The ultra-lean-design principle in NR minimizes the always-on transmissions, thereby enabling higher network energy performance and higher achievable data rates. Several procedures, such as cell search and random access, have been redesigned compared to the LTE in order to support the ultra-lean paradigm. Another example is the demodulation reference signal structure, where NR relies heavily on reference signals being present only when data is transmitted but not otherwise.

Interworking and LTE coexistence

Due to the difficulty inherent in providing full wide-area coverage at higher frequencies, interworking with systems operating at lower frequencies is important; however, lower frequency bands are often already occupied by LTE. Therefore, the possibility for a service provider to deploy NR in the same spectrum as an already existing LTE deployment (initiating LTE/NR spectrum coexistence) is of the utmost importance.

The possibility for an LTE-compatible NR numerology based on 15 kHz subcarrier spacing, which enables identical time/frequency resource grids for NR and LTE, is a fundamental tool for such coexistence.

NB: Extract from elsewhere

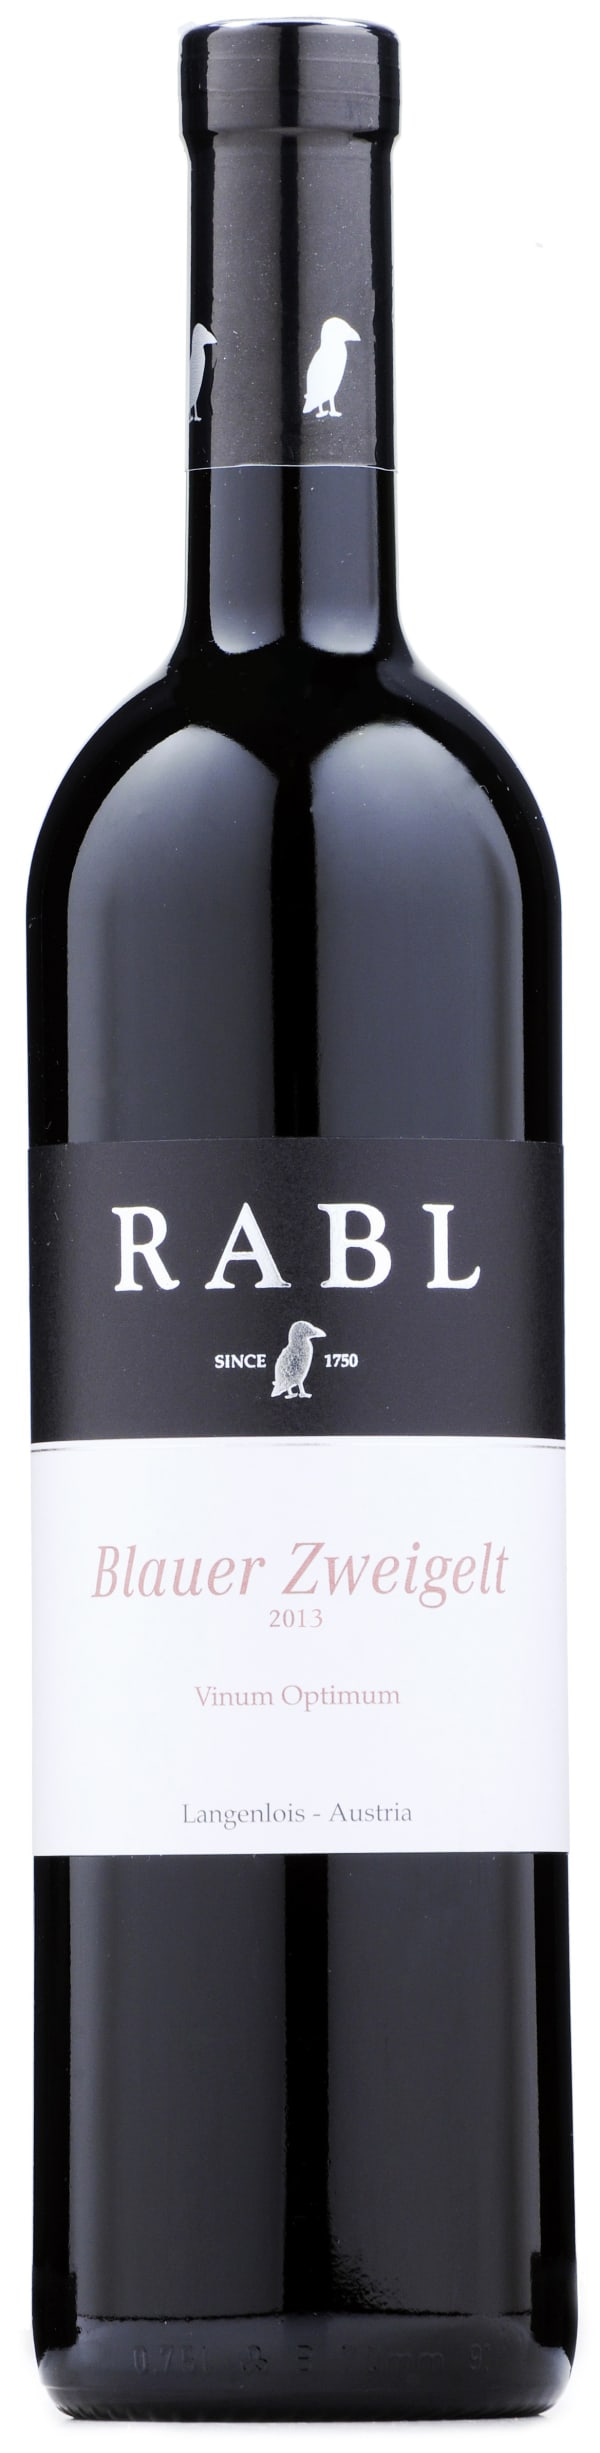 Rabl Blauer Zweigelt Vinum Optimum 2013

The flexible NR scheduling, with a scheduling granularity as small as one symbol, can then be used to avoid scheduled NR transmissions to collide with key LTE signals. Reserved resources, introduced for forward compatibility and discussed below, can also be used to further enhance LTE/NR coexistence. It is possible to configure reserved resources matching the cell-specific reference signals in LTE, thereby enabling an enhanced LTE/NR overlay in the downlink.

Forward compatibility

An important aim in the development of the NR specification has been to ensure a high degree of forward compatibility in the radio-interface design. In this context, forward compatibility implies a radio interface design that allows for substantial future evolution (in terms of introducing new technology and enabling new services with as yet unknown requirements and characteristics) while still supporting legacy devices on the same carrier.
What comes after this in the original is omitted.